ANALYSES

« Le printemps arabe n’aura pas d’impact sur l’entrée de la Turquie dans l’UE »

Presse
9 mai 2011
Interview de [Alican Tayla->http://www.iris-france.org/cv.php?fichier=cv/cv&nom=tayla], chercheur à l'IRIS, par Sophie Forcioli

Spécialiste de la Turquie à l’Institut de relations internationales et stratégiques (IRIS), Aliacan Tayla revient sur les révoltes des pays arabes et le rôle de la Turquie vis-à-vis de ses voisins.


Différents observateurs estiment que la Turquie est aujourd’hui dans une situation délicate vis-à-vis de ses voisins. Pourquoi?

Depuis son arrivée au pouvoir en 2002, le gouvernement de Recep Tayyip Erdogan, (l’AKP, Parti pour la justice et le développement) a mis en place une nouvelle stratégie diplomatique. Le mot d’ordre est «zéro problème» avec les pays voisins. Compte tenu de l’idéologie islamo-conservatrice de l’AKP, la Turquie a fait un pas en avant vers les pays arabes. Elle a renforcé ses relations avec la Libye, et plus encore avec la Syrie qui accueille de très nombreux ouvriers et travailleurs turcs.


La Turquie voulait jouer un rôle de médiateur régional, mais avec le "printemps arabe" le pays a dû laisser de côté les discours et les perspectives diplomatiques pour passer aux actions concrètes et aux prises de positions plus tranchées.


La Turquie doit donc choisir son camp?

C’est encore un peu tôt pour se poser cette question, on ne connait pas encore l’issue des révolutions arabes. Mais la Turquie a déjà dû revoir certaines de ses positions.


Elle s’était dans un premier temps fortement opposée à l’action de l’Otan en Libye en fustigeant, en particulier, l’action de la France. Le Premier ministre avait déclaré « la Turquie ne pointera aucune arme sur le peuple libyen ». A la suite d’échanges téléphoniques avec le président Obama, le gouvernement s’est montré moins radical et participe aujourd’hui au blocus maritime contre le régime de Kadhafi.
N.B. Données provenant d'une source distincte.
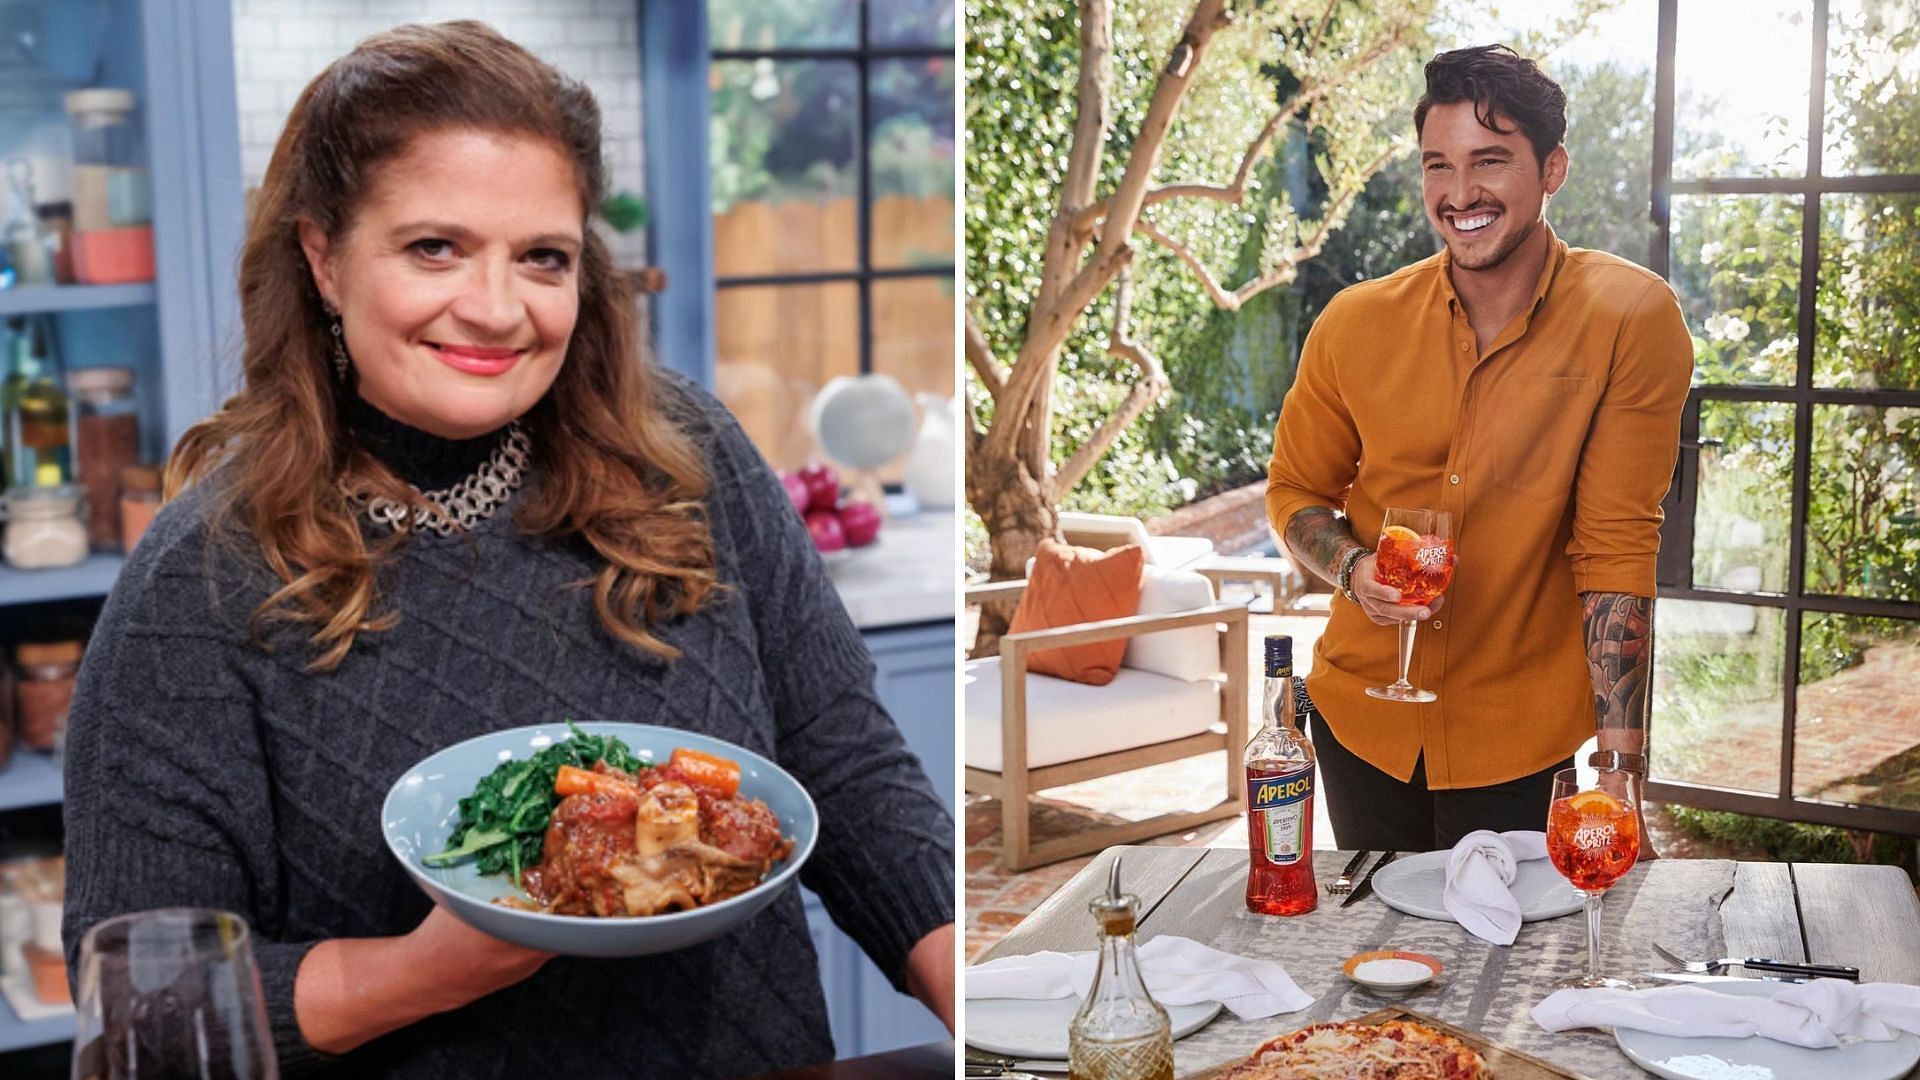 Ciao House season 1 is a brand new culinary competition on Food Network

La question du choix se posera plus tard. Comment la Turquie qui avait commencé à tisser des liens avec les régimes en place, se positionnera-t-elle face aux nouvelles figures politiques de ces pays ? Pour l’instant, c’est flou.


Certains considèrent que la Turquie pourrait servir d’exemple pour ses voisins. Partagez-vous ce point de vue?

On a beaucoup misé sur cette opportunité, il y a quelques années. Mais c’était avant l’arrivée au pouvoir de l’AKP. L’ancien gouvernement s’inscrivait alors davantage dans un courant Kémaliste, quasi anti-arabe, tourné vers une idéologie occidentale.


Depuis 2002, la Turquie s’est ouverte aux pays arabes. C’est une très bonne chose qu’elle se rapproche de ses voisins. Mais certaines de ses prises positions sur la laïcité ou les restrictions électorales, comme la barre des 10% de suffrages pour être représenté à l’Assemblée nationale, pourraient remettre en cause cette fonction d’exemple.


Cette promiscuité avec les pays arabes changera-t-elle le regard que l’occident porte sur la Turquie, et celui de l’Union européenne en particulier ?

Avoir des relations calmes et apaisées avec les pays du monde arabe est un atout incontestable pour la Turquie vis-à-vis de l’Union européenne. Dans les années à venir, cette situation pourrait la rendre plus attirante, tant du point de vue politique, qu’économique et commercial.


Si la Turquie veille à entretenir des relations privilégiées et plus investies avec les pays arabes, elle ne rompt pas pour autant ses engagements occidentaux. Les événements récents ont par exemple réaffirmé son alliance avec les Etats-Unis.


Avec l’Union européenne c’est plus problématique. A ses débuts, l’AKP s’est beaucoup appuyé sur l’intégration européenne pour légitimer son arrivée au pouvoir.


Aujourd’hui le parti a acquis un électorat fidèle, et cet argument est de moins en moins évoqué. L’opinion publique turque a elle aussi peu à peu pris certaines distances vis-à-vis de l’UE. Le double discours européen, à la fois encourageant des institutions, et réfractaire d’Etats comme l’Allemagne et la France, passe de moins en moins en Turquie.


De ce point de vue, les récents développements du printemps arabe n’auront pas, à mon sens, un impact déterminant et catégorique sur l’entrée de la Turquie dans l’Union.